Officer Bill reaches through the windshield and holds my hand. Just as he takes it, a thick stream of blood rolls out of my hairline, down my forehead and down the ridge of my nose. I pull my hand away and wipe at the warm wetness streaming down my face.
“I'm bleeding from my head.”
“Corki, I see it. The ambulance is pulling up right now.”
“I don't want to go to the hospital.

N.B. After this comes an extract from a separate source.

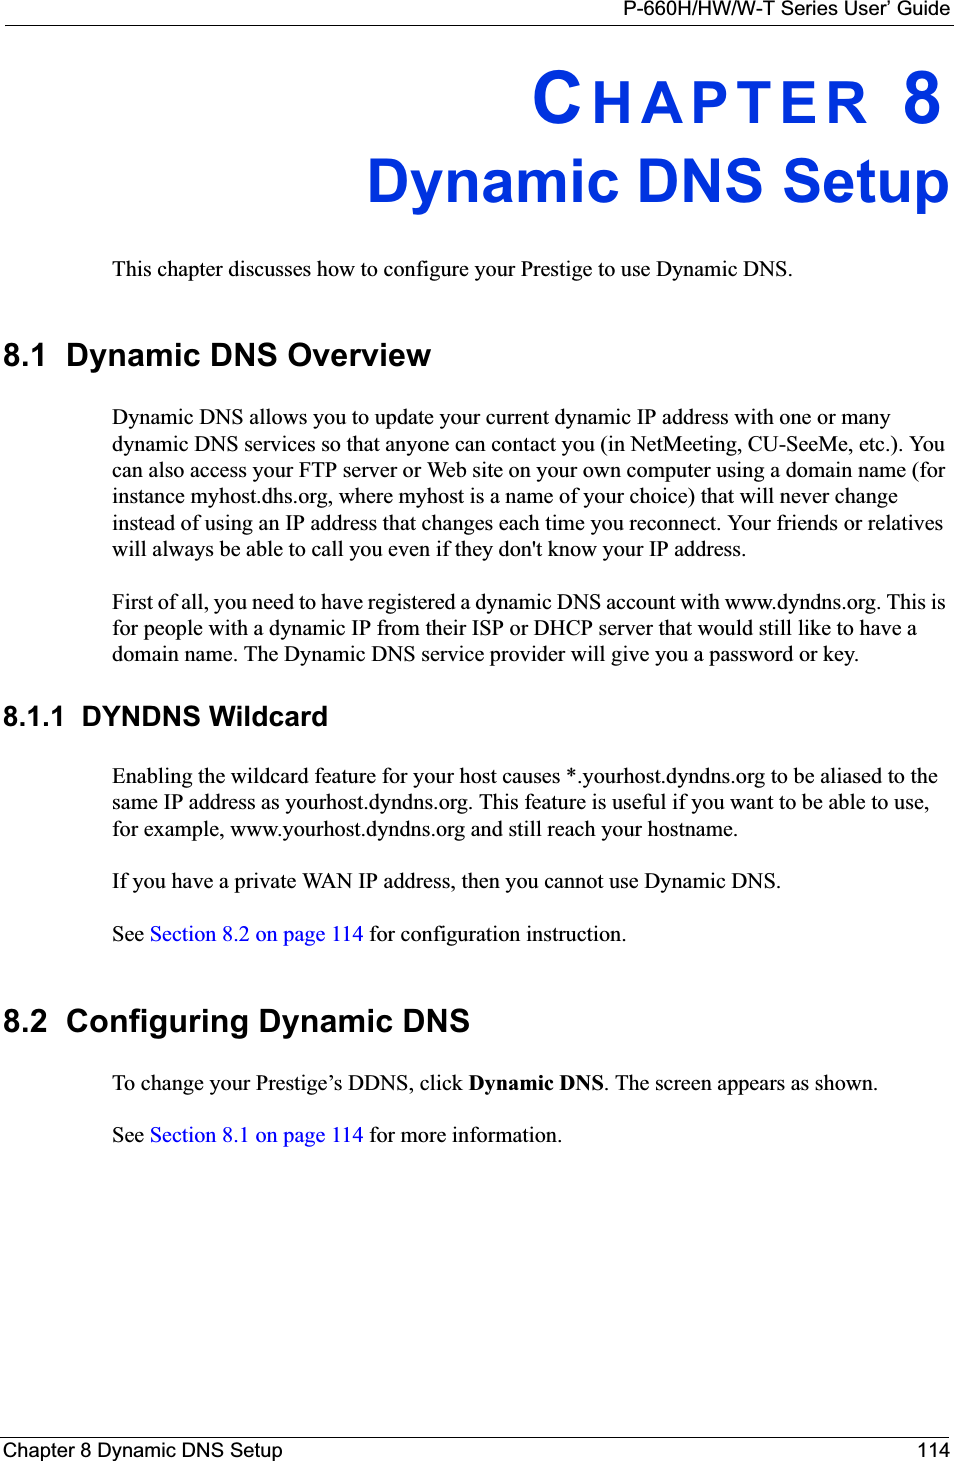 P-660H/HW/W-T Series User’ GuideChapter 8 Dynamic DNS Setup 114CHAPTER 8Dynamic DNS SetupThis chapter discusses how to configure your Prestige to use Dynamic DNS.8.1  Dynamic DNS OverviewDynamic DNS allows you to update your current dynamic IP address with one or many dynamic DNS services so that anyone can contact you (in NetMeeting, CU-SeeMe, etc.). You can also access your FTP server or Web site on your own computer using a domain name (for instance myhost.dhs.org, where myhost is a name of your choice) that will never change instead of using an IP address that changes each time you reconnect. Your friends or relatives will always be able to call you even if they don&apos;t know your IP address.First of all, you need to have registered a dynamic DNS account with www.dyndns.org. This is for people with a dynamic IP from their ISP or DHCP server that would still like to have a domain name. The Dynamic DNS service provider will give you a password or key. 8.1.1  DYNDNS WildcardEnabling the wildcard feature for your host causes *.yourhost.dyndns.org to be aliased to the same IP address as yourhost.dyndns.org. This feature is useful if you want to be able to use, for example, www.yourhost.dyndns.org and still reach your hostname.If you have a private WAN IP address, then you cannot use Dynamic DNS.See Section 8.2 on page 114 for configuration instruction. 8.2  Configuring Dynamic DNS To change your Prestige’s DDNS, click Dynamic DNS. The screen appears as shown.See Section 8.1 on page 114 for more information.

I have to pick up my son from school.”
“Slow down, Corki. We need to get you out of here first and then we'll get your son situated. L.A. schools don't let out for another hour and a half. Your son's fine.”
“Officer Bob, I have a CCW, sir.”
“Corki, calm down.”
“Please, Bob, listen to me.”
“It's Bill, and I'm listening, but you need to calm down and not move around so much. Did you have your seatbelt on when you were hit?”
“Yes. Please, listen to me before anyone else walks over here. I have a CCW and a loaded weapon in my glove compartment. I also have other things in there that could have jammed against the gun. I don't want anyone to get shot. Do you hear me?”
He pats my hand.
“Okay, Corki, hold on and do not try to open the glove compartment. Hold still while I go talk to my partner.”
I sit as still as I can.
Half an hour later, a handsome fireman leans his face close to my windshield. I smile at him and wonder if it's a requirement for the Los Angeles Fire Department trainees to be gorgeous as well as skilled. I can't recall ever seeing an ugly one in Los Angeles.
“Hi, Corki,” he says.
“Hi. I'm getting cramped in here. Can I get out soon?” I ask.
“Can you move your limbs? I see a laceration on your scalp, but are you hurt anywhere else? Any numbness?” he asks.
“My legs are starting to fall asleep, but it's just from being in the same position for so long. I can move. I'm not hurt.”
“Corki, tomorrow you may feel pain in your neck and other places in your muscles, so I'd refrain from making statements saying that you're not hurt,” Gorgeous offers.
Legal and medical advice. I shut up.
“Okay, Corki, we have the truck supported. Do you have the ignition key?”
I hold up my hand with the key in it.
“Okay, I want you to put it in and turn the key on, but not the car. Don't turn over the engine.”
I do so and my dashboard lights spring to life.
“Now, push the button on your console between the seats and see if it will roll down the rear window.”